The typical path to the ground state involves both singlet states and triplet states of the molecules, which differ in the orientation of the atoms’ quantum spins. Kai and his team realised they could instead make all their steps between singlet states. “With the new pathway, we use molecular states that are easier to understand and model, known as stretched singlet states. That simplifies the spectroscopy and bypasses heavy molecular structure calculations. It gives us an ideal three-level system. It’s a really clean and robust method,” he explains.

The method could be applied to other molecules too, says Kai, who has presented the findings to other groups in the field. In the current paper, the team did detailed analysis to verify the method would work and be feasible for other molecular species.

Control of ultracold molecules requires carefully chosen and stable frequencies of light from lasers. This photo shows a dye laser in action: a green pump laser beam hits the dye jet to produce lots of red light.

 

One laboratory tool that helped the researchers with details of the new method was a vintage laser - the team purchased a refurbished dye laser that was originally manufactured in the 1980s. The group added a few modern components to obtain stable operation at high output power.

Dye lasers are no longer common because they are bulky and fiddly to operate compared to modern diode lasers, but they have the advantage of offering high power light over a vast tunable range of frequencies. That helped the researchers search for the frequencies that would most effectively drive their molecules’ transitions.
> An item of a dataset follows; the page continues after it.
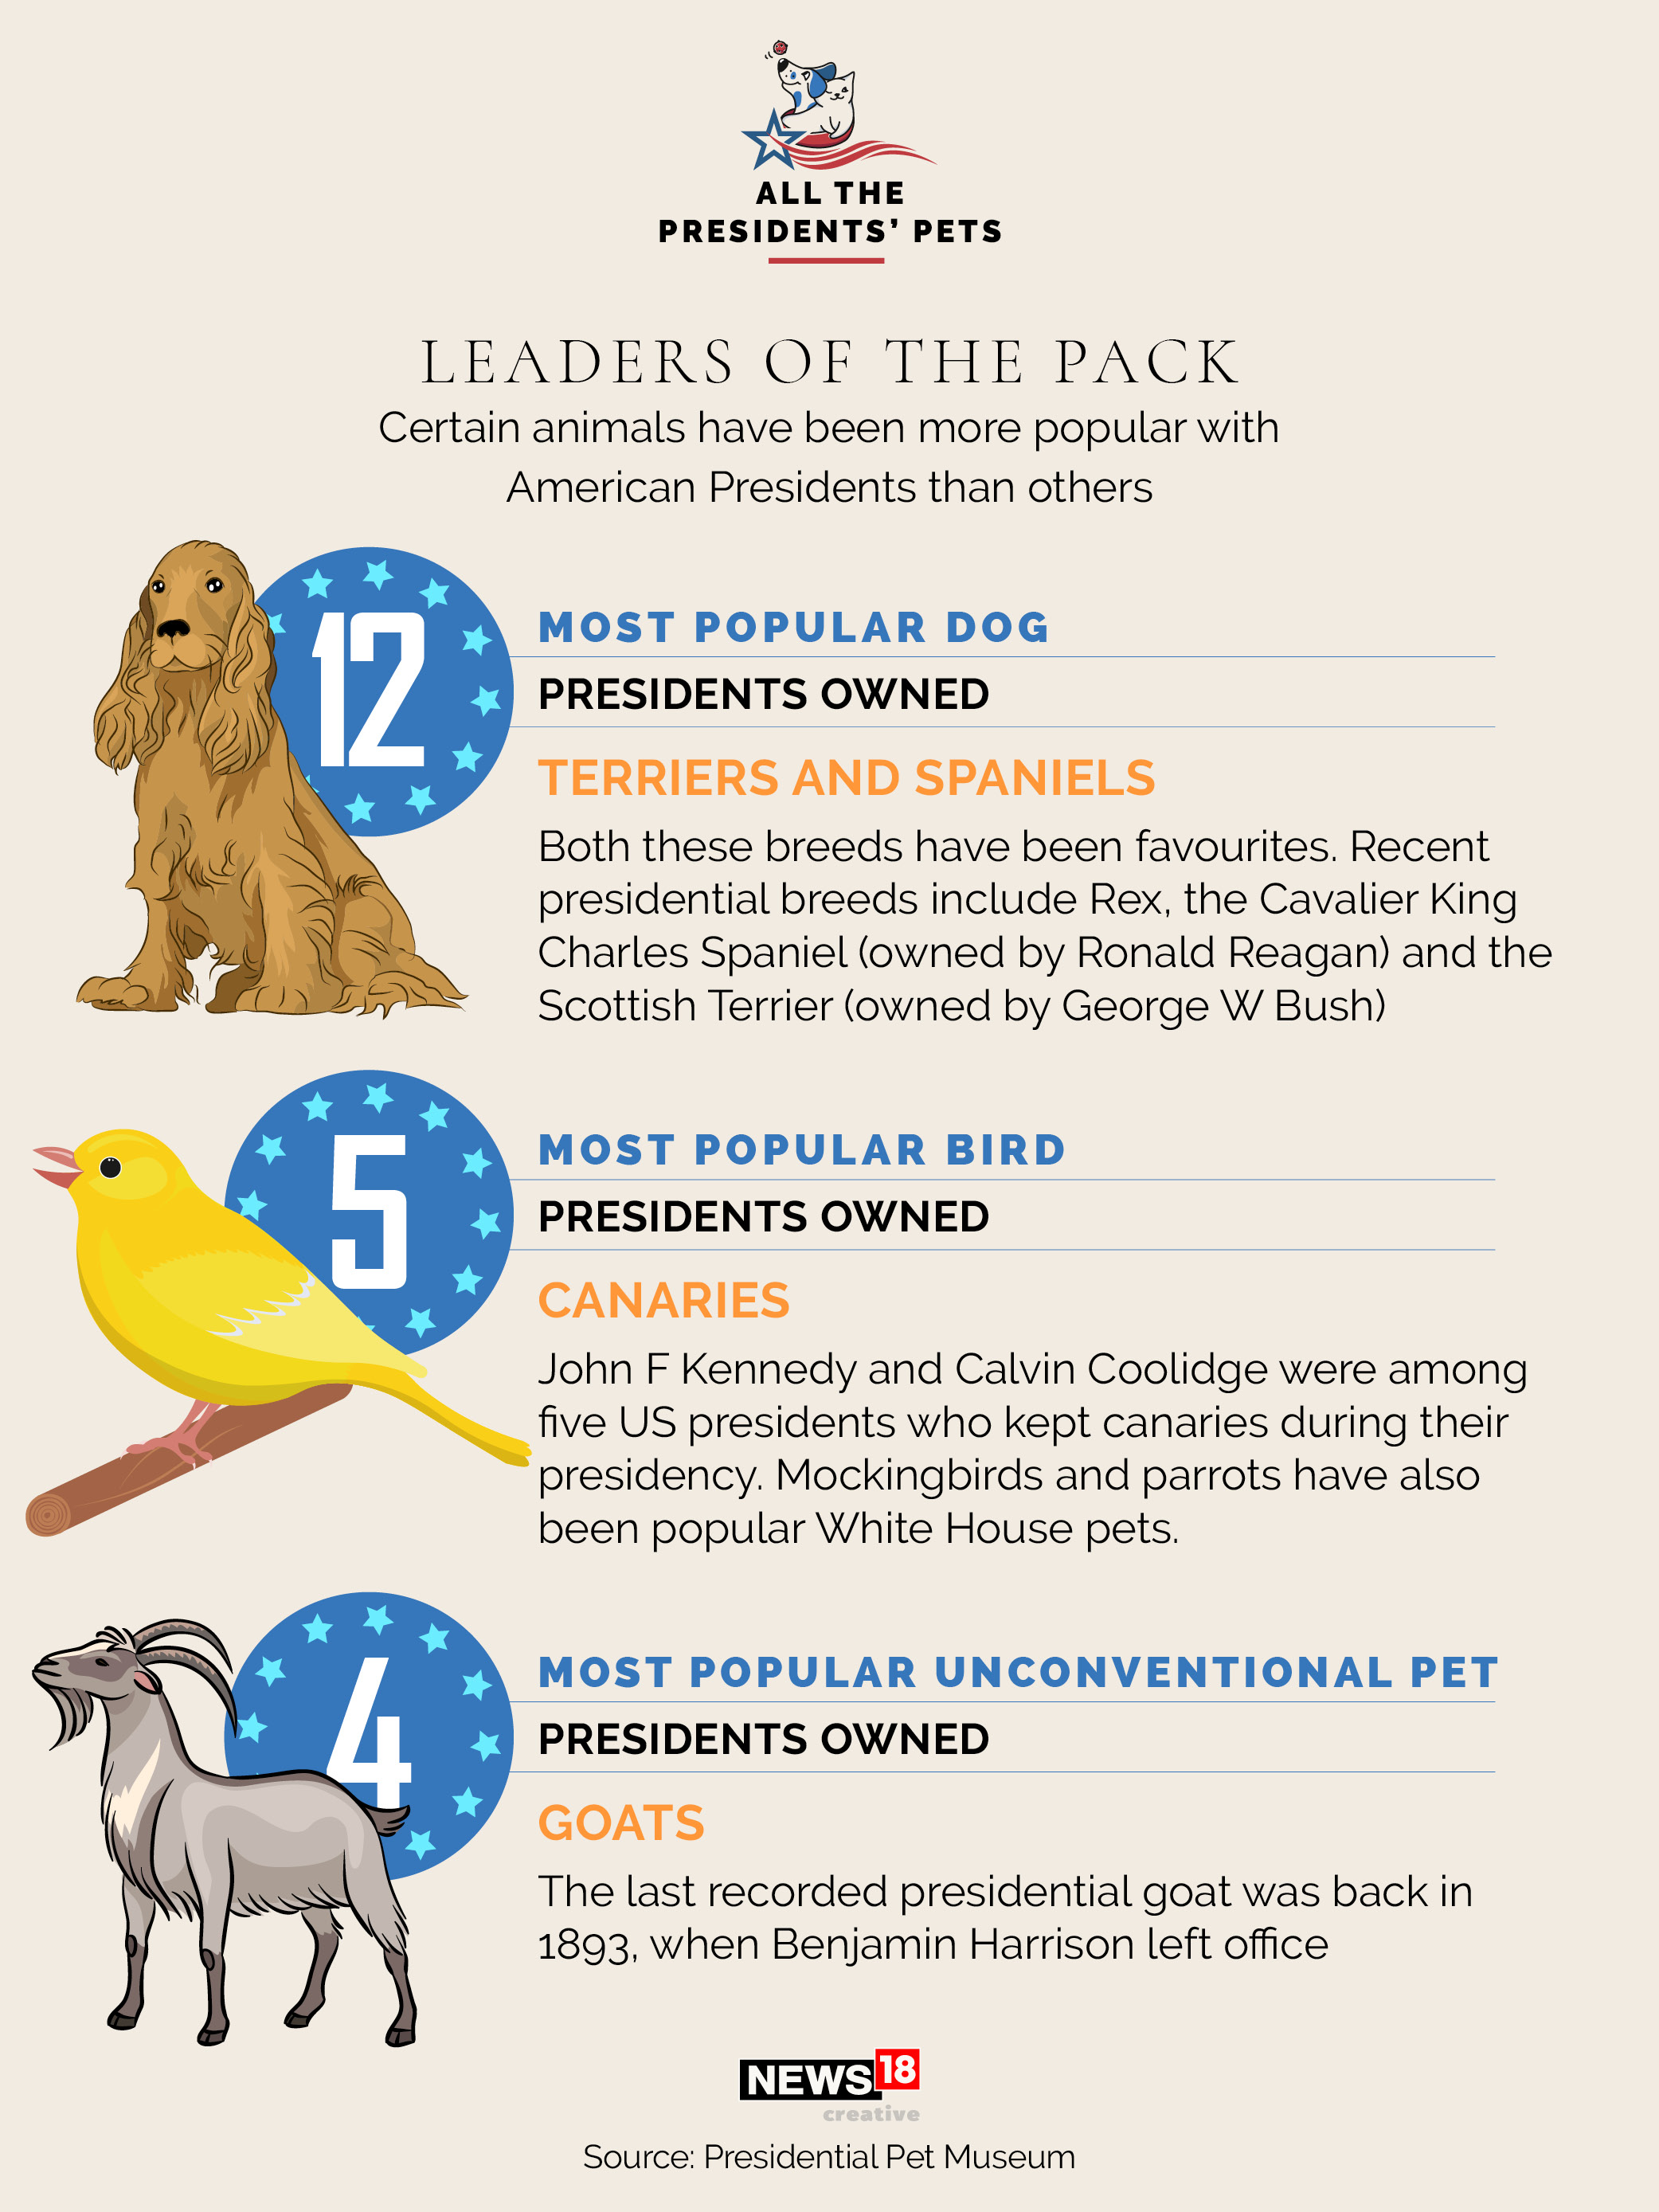 Champ, Major, and all the presidents' pets in US history

“Doing spectroscopy can be very time-consuming. It is a bit like fishing in the dark. Although we calculated the energies of the ground states with existing literature, the uncertainties were much larger than the linewidths, making the states hard to find,” explains Anbang. He suggested an approach to search through the molecules’ vibrational modes (denoted by quantum number v) to find the ground state. “I proposed to start from ground state v=3, searching from v=2, 1, 0 step by step, instead of directly searching for v=0 ground state. By doing this, we learned that our calculated energies have an offset around 3GHz from the experimental values. It accelerates our ‘searching for v=0’ process.”

The team has now identified all the energy levels that make a ladder to move the molecules to the ground state. Doing that is the next challenge. The researchers will use a technique known as Stimulated Raman Adiabatic Passage (STIRAP) with two lasers stabilised to the same cavity. They can now retire the dye laser and continue work with stable diode lasers. 

The pair of atoms start in a loosely bound molecular state (1). The molecule is first excited (2) and will then be driven into the more tightly bound ground state (3). The atoms’ spins stay arranged in a singlet-configuration as they move between these three energy levels.

 

“The route to the ground state provides us with a robust platform,” says Sofia Botsi, who is also a PhD student on the project.

Once they have molecules in the ground state, the researchers  will begin experiments in fundamental physics. A first goal is to perform quantum simulations based on the dipolar interaction to search for unusual properties of quantum materials. In particular, they are interested  in a prediction that the eigenstate thermalisation hypothesis will breakdown in a disordered dipolar lattice system.

Dipolar molecules offer many avenues for further work. In the longer term, the researchers may look at using molecules for chemistry at ultracold temperatures, testing gravity at short scales or for applications such as clocks and quantum computing.